─── Data provided
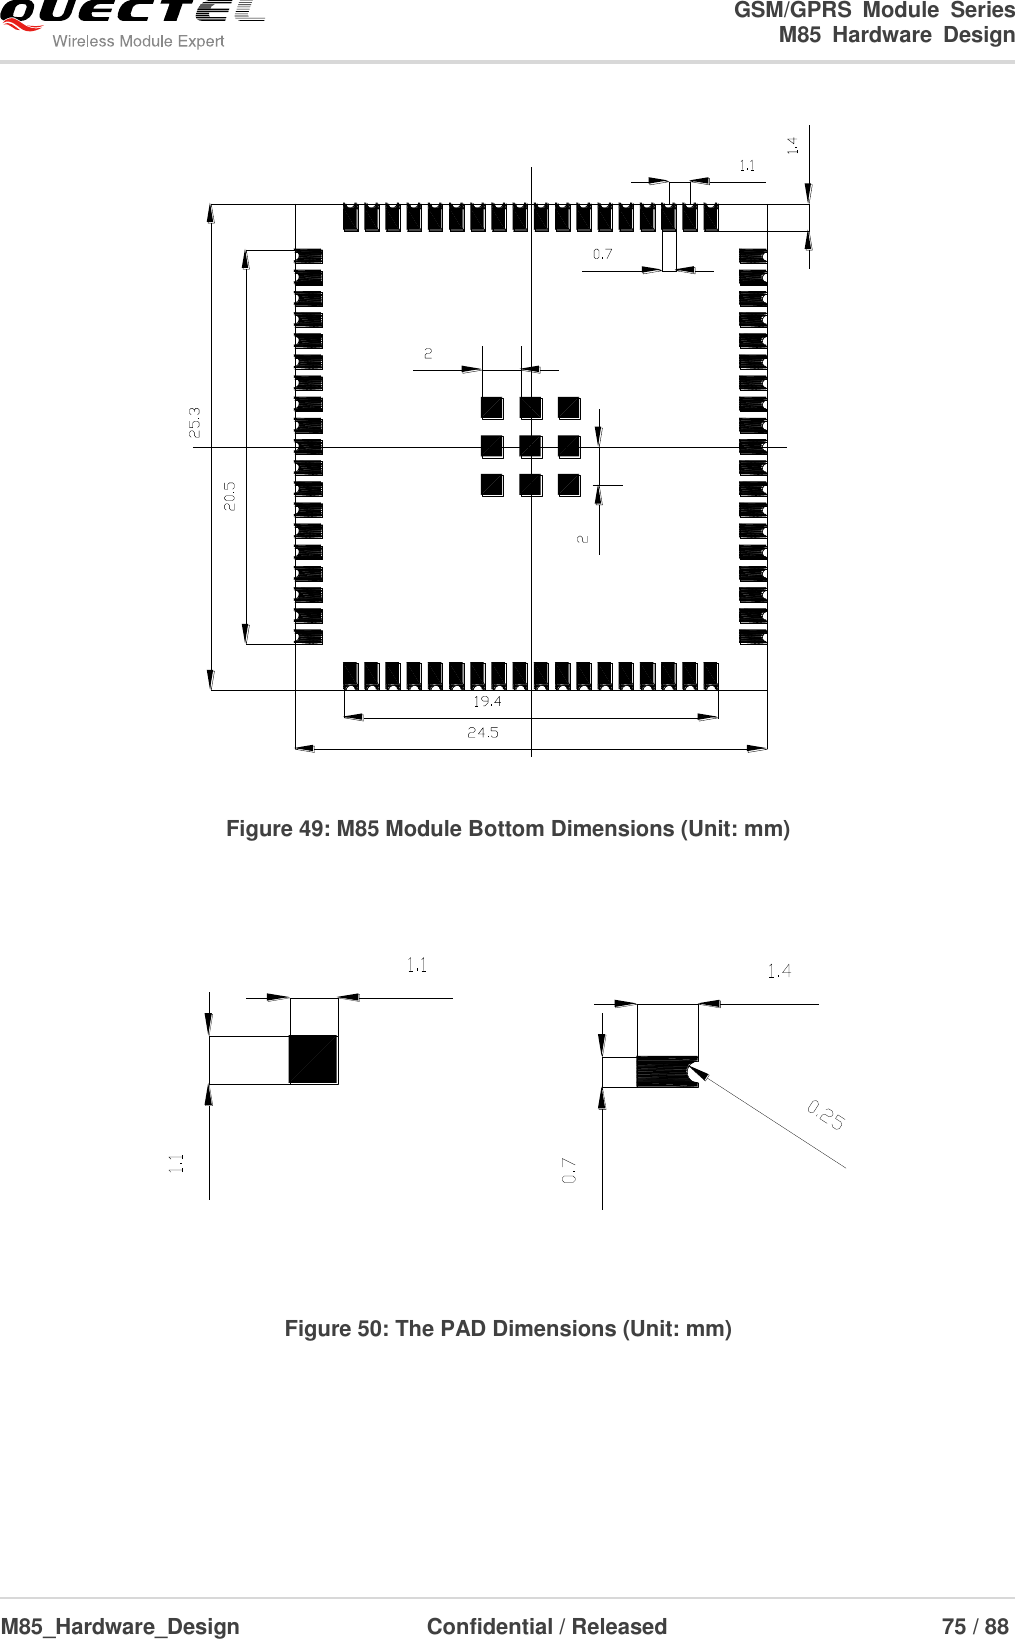                                                                                                                                               GSM/GPRS  Module  Series                                                                 M85  Hardware  Design  M85_Hardware_Design                  Confidential / Released                             75 / 88       Figure 49: M85 Module Bottom Dimensions (Unit: mm)   Figure 50: The PAD Dimensions (Unit: mm)     
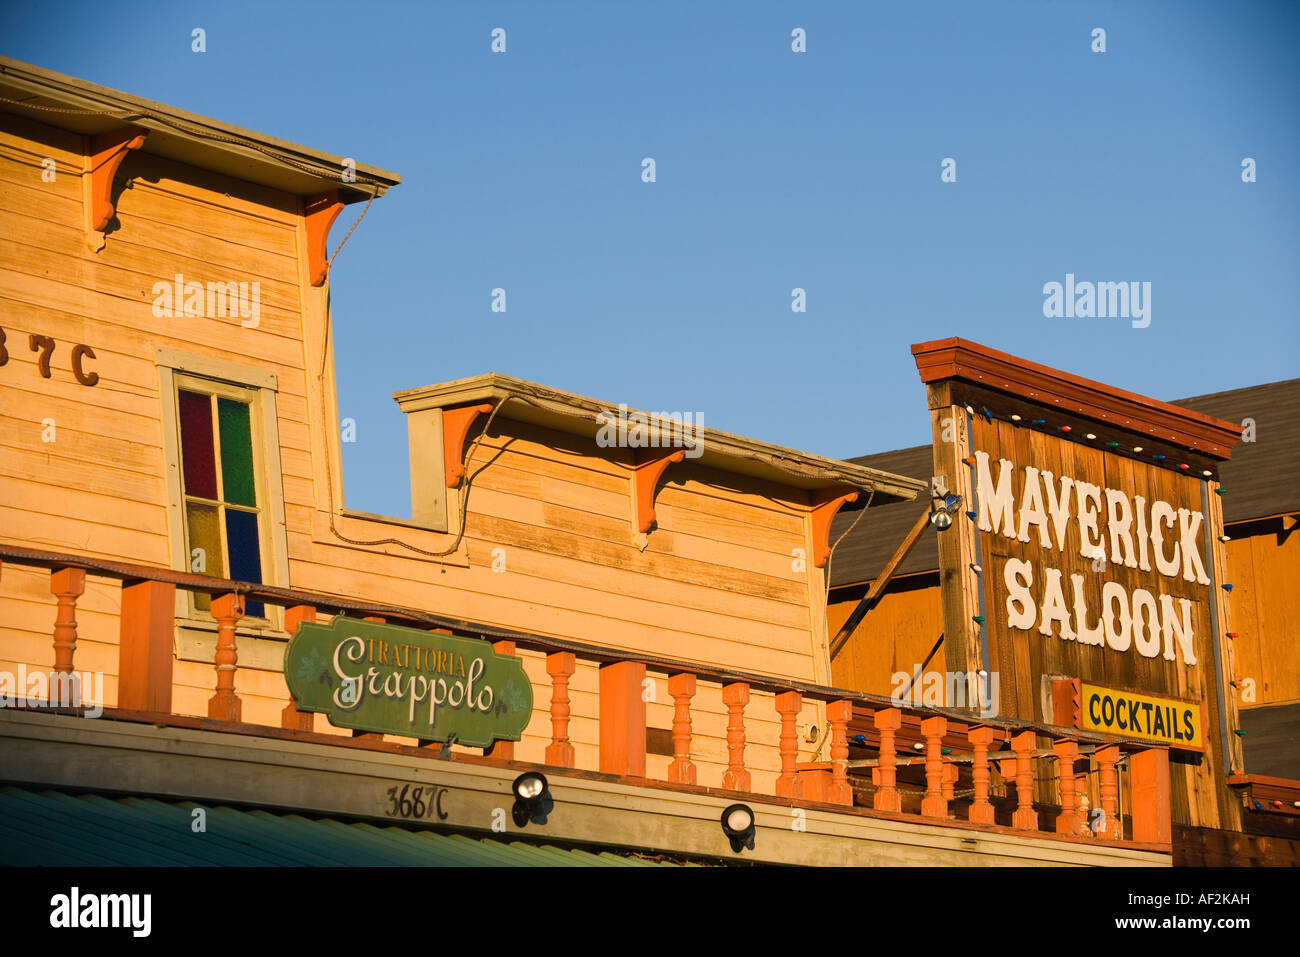 Trattoria Grappol and the Maverick Saloon Old Town Santa Ynez Santa Ynez Valley California Stock Photo
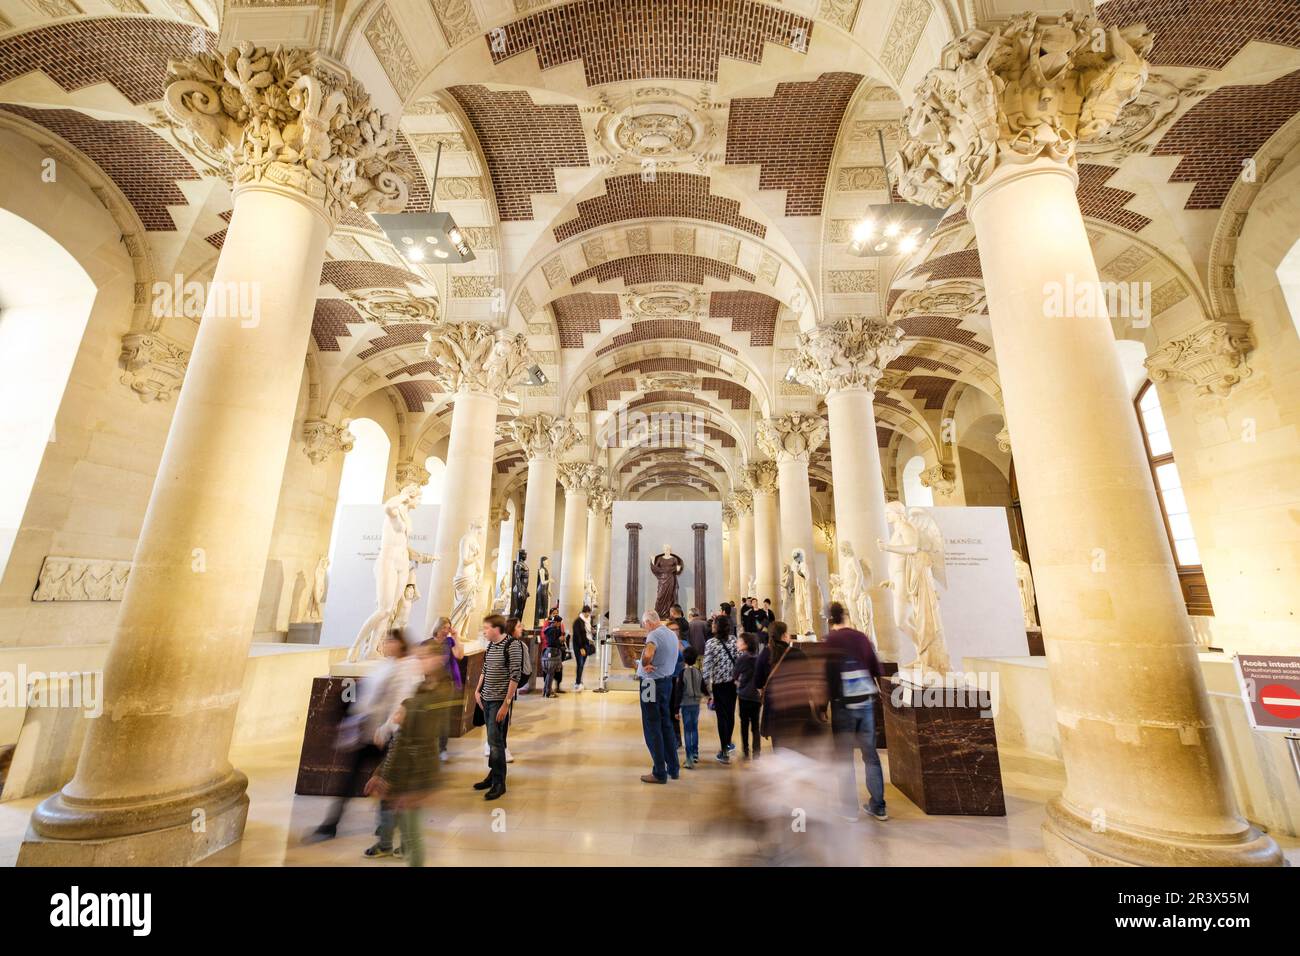 Museo del Louvre,museo nacional de Francia, Paris, France,Western Europe. Stock Photo
──────
* **Instructions to follow**: Retype the listing exactly. Leave the pictures out.

* **Reply**:
                                                                                                                                               GSM/GPRS  Module  Series                                                                 M85  Hardware  Design  M85_Hardware_Design                  Confidential / Released                             75 / 88       Figure 49: M85 Module Bottom Dimensions (Unit: mm)   Figure 50: The PAD Dimensions (Unit: mm)     
 Trattoria Grappol and the Maverick Saloon Old Town Santa Ynez Santa Ynez Valley California Stock Photo
 Museo del Louvre,museo nacional de Francia, Paris, France,Western Europe. Stock Photo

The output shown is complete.